The reactionary Manchin, through his shameless appeals for collaboration with the same Republican Party working to destroy voting rights, has earned himself the right to decide what goes into these bills and what comes out. Providing the public a glimpse of what to expect from future iterations of the bills, Manchin published his own proposed version of SB1 in which he removed most of the provisions that would expand voting access, replacing them with a national voter ID mandate.

The surrender at the core of the Democratic Party’s position on voting rights is best exemplified by Georgia Senator Raphael Warnock’s proposed Preventing Election Subversion Act. This bill would do nothing to stop the Georgia election board from removing local officials, but would instead create a legal framework whereby deposed local officials may sue the state government for reinstatement.

This is a patently pathetic proposal. Warnock would have election officials engage in a protracted court battle while Republican politicians have their way with the electoral process. Not only this, but he appears to have neglected the fact that SB 202 already allows for local officials to challenge their removal in court, and that the US Supreme Court has a 6-3 conservative majority, presiding over federal circuit courts packed with Trump-era appointees.

What does this bill do to stop Republicans from removing unfavorable election officials? Absolutely nothing! In fact, it enshrines in federal law the authority of state governments to do so. Warnock’s bill would grant state legislatures and federal judges the authority to remove local election officials on the grounds of “inefficiency, neglect of duty, or malfeasance in office.”

Democratic politicians have spoken extensively against the Republican bills, with President Biden declaring them the “new Jim Crow” and “the most dangerous threat to voting in the integrity of free and fair elections in our history.” Yet the Democratic Party has done nothing to oppose it, refusing to make any popular appeal to the millions whose right to vote is now under threat.

Instead, the Democratic Party has consistently turned to CEOs, judges, and Republican politicians, begging them to halt the assault on voting rights, to no avail.

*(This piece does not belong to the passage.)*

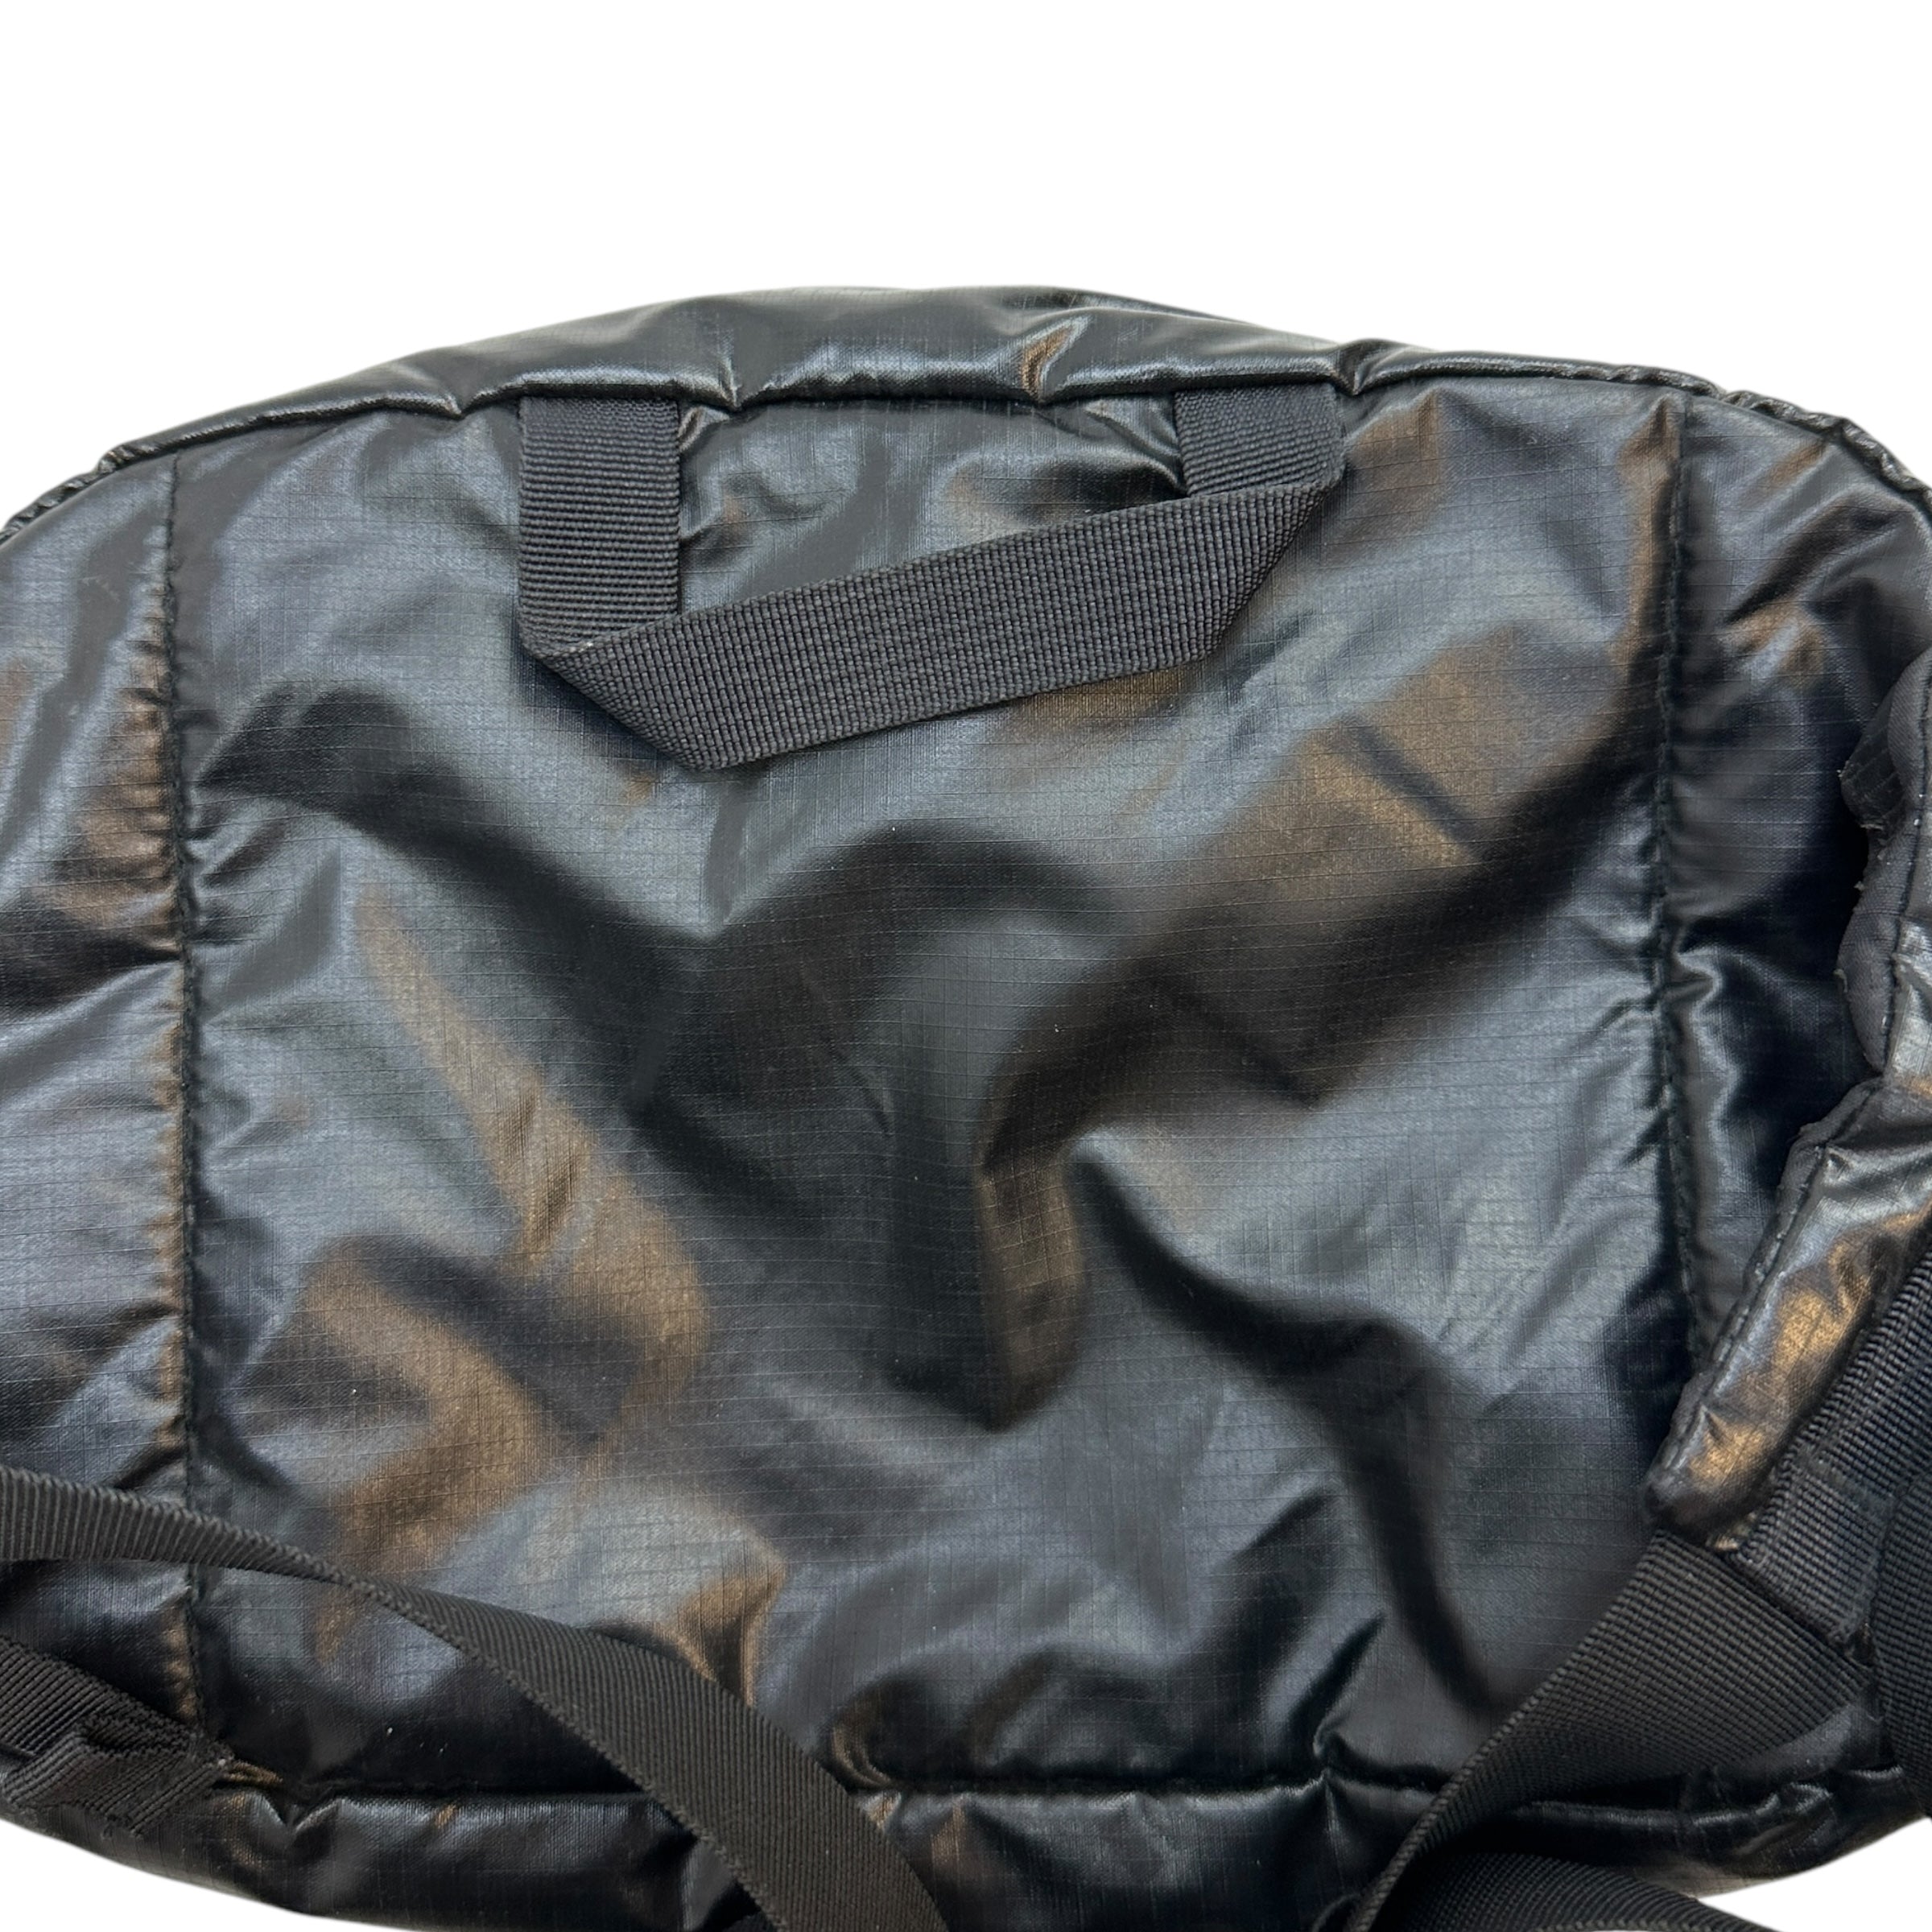 FW17 Supreme Waist Bag Black

This is because the Democratic Party, as a capitalist party, fears the working class more than it fears the erosion of democratic rights. If the working class were to take action against the Republican bills, it would quickly expand to broader social issues. Democratic rights are invariably connected to inequality, police brutality, the destruction of social services, crushing poverty wages, and the murderous handling of the pandemic by both political parties.

Under the control of the Democratic Party—the party of Wall Street, big business and the upper-middle class—the fight to defend democratic rights cannot advance. As long as the working class is trapped within the straitjacket of the two capitalist parties it cannot defend its own rights and interests. The working class must break free of their political control and wage an independent political struggle for the defense of democratic rights as part of the fight for socialism.